Изменить размер шрифта - +
Его голос зазвучал резче, и один из немецких солдат, буркнув: «Ruhe, Scheißkerl!» — ткнул его прикладом в грудь. Поляк скрючился на сиденье, воздух со свистом вырывался у него из груди, но в эту минуту поезд тронулся, и это, должно быть, ненадолго успокоило его. Я прикорнул на сиденье и в полудреме все время слышал этот голос, в котором уже не было ничего человеческого, — он твердил о крови, о потоках крови. И поныне я еще слышу иногда этот голос, этот отзвук апокалипсических ужасов, голос, который твердит о крови замученных жертв, и глухое бульканье в ночи самой этой крови, липкой крови. Еще и поныне слышу я иногда этот голос, это бульканье крови в срывающемся голосе, колеблемом вихрем безумия. На рассвете меня разбудил какой-то толчок. Поляк стоя хрипел что-то невнятное, обращаясь к немецким солдатам; он остервенело жестикулировал правой рукой, и в полном смысле слова перепиливал стальным наручником мое левое запястье. Немцы набросились на него с кулаками и били до тех пор, пока он не упал замертво. Все лицо его было в крови, он и меня забрызгал своей кровью. Теперь я и в самом деле видел, как течет кровь, как целые потоки крови стекают по его одежде на сиденье, на мою левую руку, скованную одним наручником с его рукой. Потом немцы расковали его и за ноги поволокли по проходу в вагоне — как видно, он был уже мертв.

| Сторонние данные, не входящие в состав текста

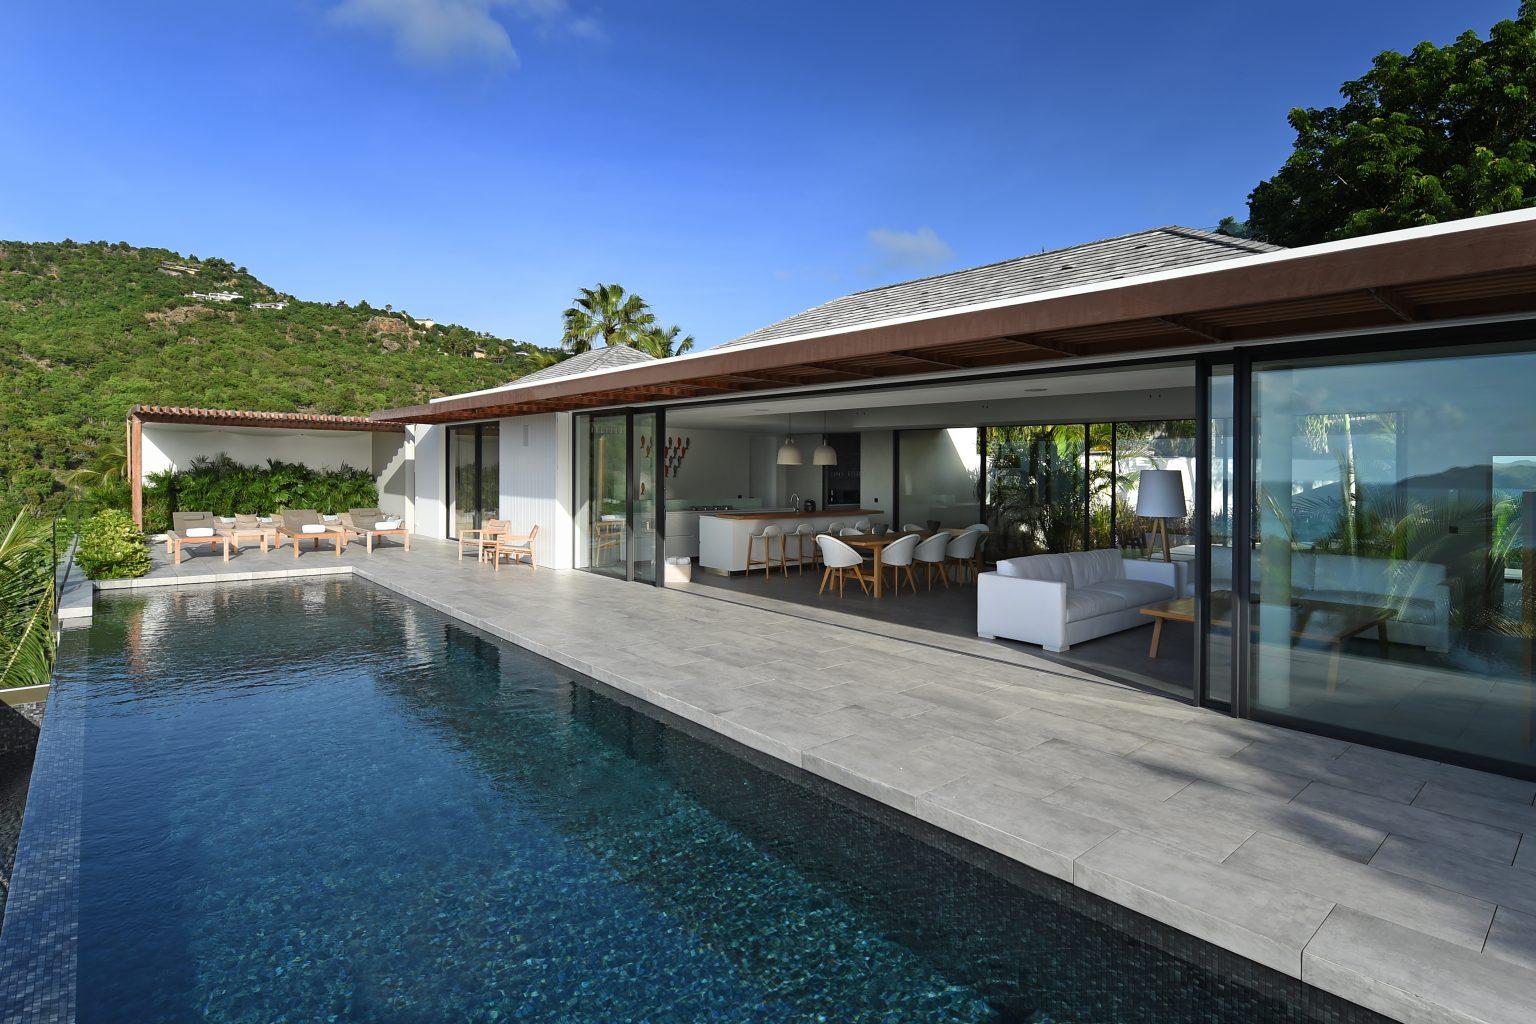 Villa Varuna - Modern and Elegant Villa Rental St Barth St Jean with Heated Pool - Outside View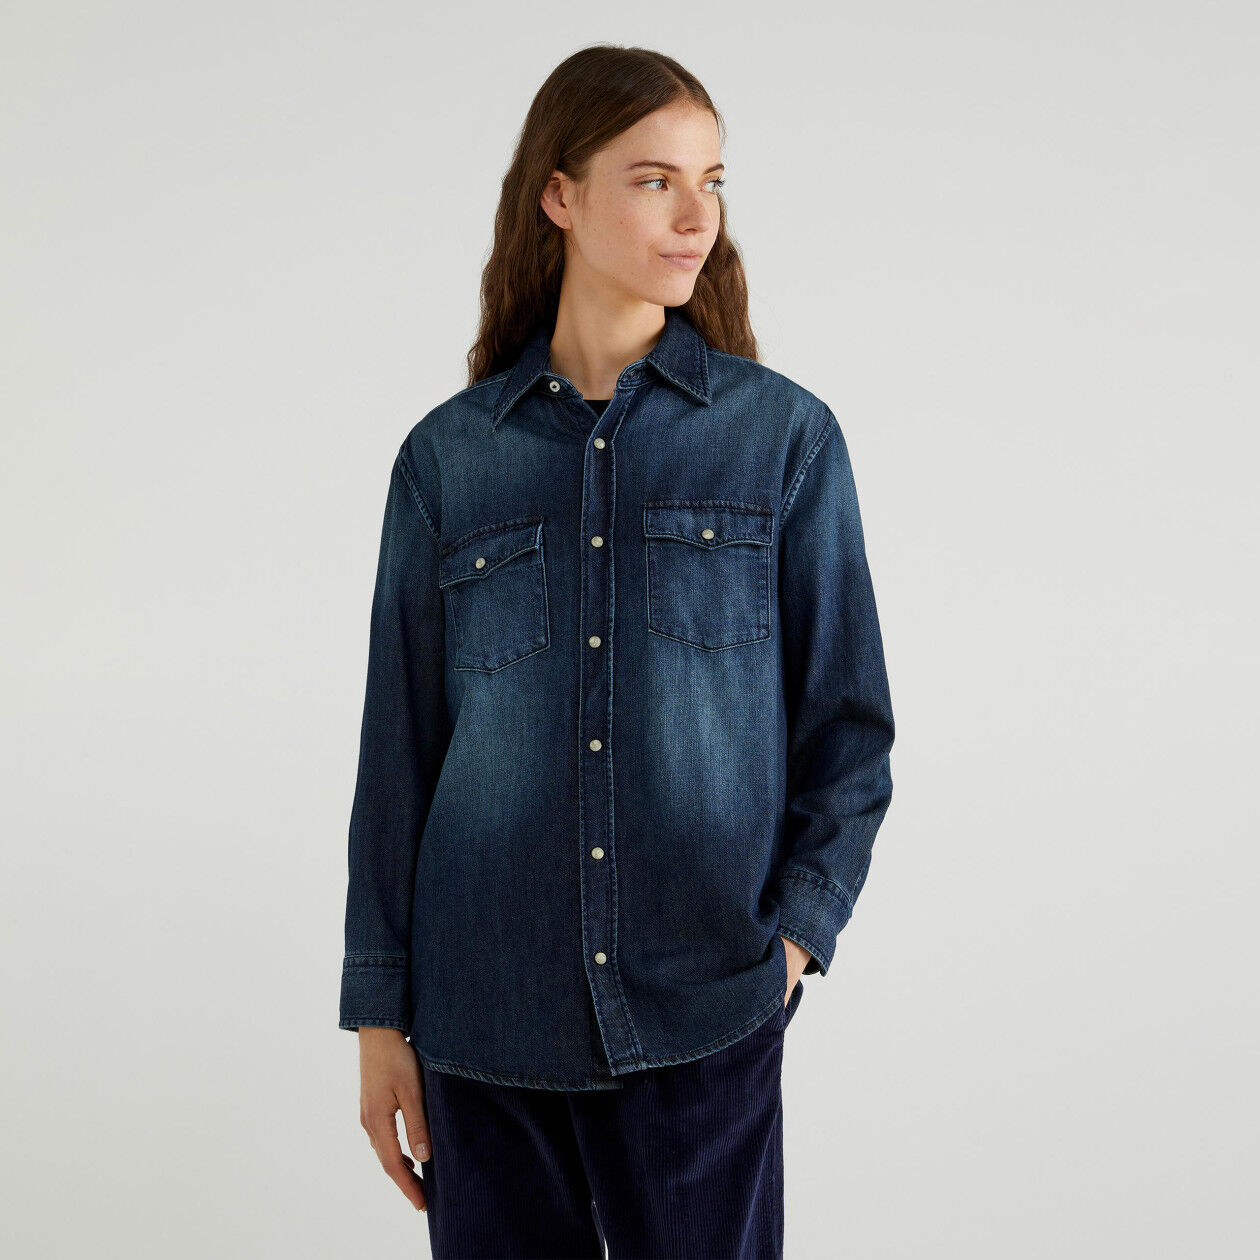 Vintage effect denim shirt

Я разглядывал немецкий вокзал, где по-прежнему ничего не происходило, и думал, что вот уже неделя, как я в пути, не считая короткой остановки в Компьене. В Осере нас вывели из камер в четыре часа утра, но мы уже накануне знали, что нас завтра угонят. Меня предупредила Гюгетта, она шепнула мне новость в открытую дверь, возвращаясь к себе в камеру из тюремной кухни, где она работала. Гюгетта вертела Кротом, как ей хотелось, она разгуливала по всей тюрьме, перенося вести из одной камеры в другую. «Завтра на рассвете уходит эшелон в Германию, ты в списке», — шепнула она мне. Ага! Ну что ж, теперь узнаю на своей шкуре, каковы они, эти пресловутые лагеря. Парень из Отского леса приуныл. «Угоняют тебя, сволочи, — вздохнул он. — Жаль! Ехать так уж вместе». Но его не включили в эшелон, ему предстояло остаться с Рамайе, и это не слишком его прельщало. Нас вывели из камер в четыре часа утра — Рауля, Оливье, трех ребят из группы Ортье и меня. Как видно, заключенные других лагерей уже были оповещены, потому что во всей тюрьме тотчас поднялся невообразимый галдеж — нас окликали по именам, кричали «до свиданья». До Ларош-Мижен нас везли в вагоне узкоколейки, скованных по двое. В Лароше мы ждали на платформе дижонского поезда. Нас охраняли шестеро солдат полевой жандармерии с автоматами — по одному конвоиру на брата — да еще два унтера политической полиции. Мы стояли на перроне кучкой, мимо нас молча проходили пассажиры. Было холодно, левая рука у меня совсем затекла, немцы так сильно завинтили наручники, что пальцы онемели.

— Вроде какая-то возня началась, — говорит парень из Семюра.

Он прошел через дижонскую пересылку за несколько недель до меня. В Дижон немцы сгоняют арестованных со всей округи для отправки в Компьень.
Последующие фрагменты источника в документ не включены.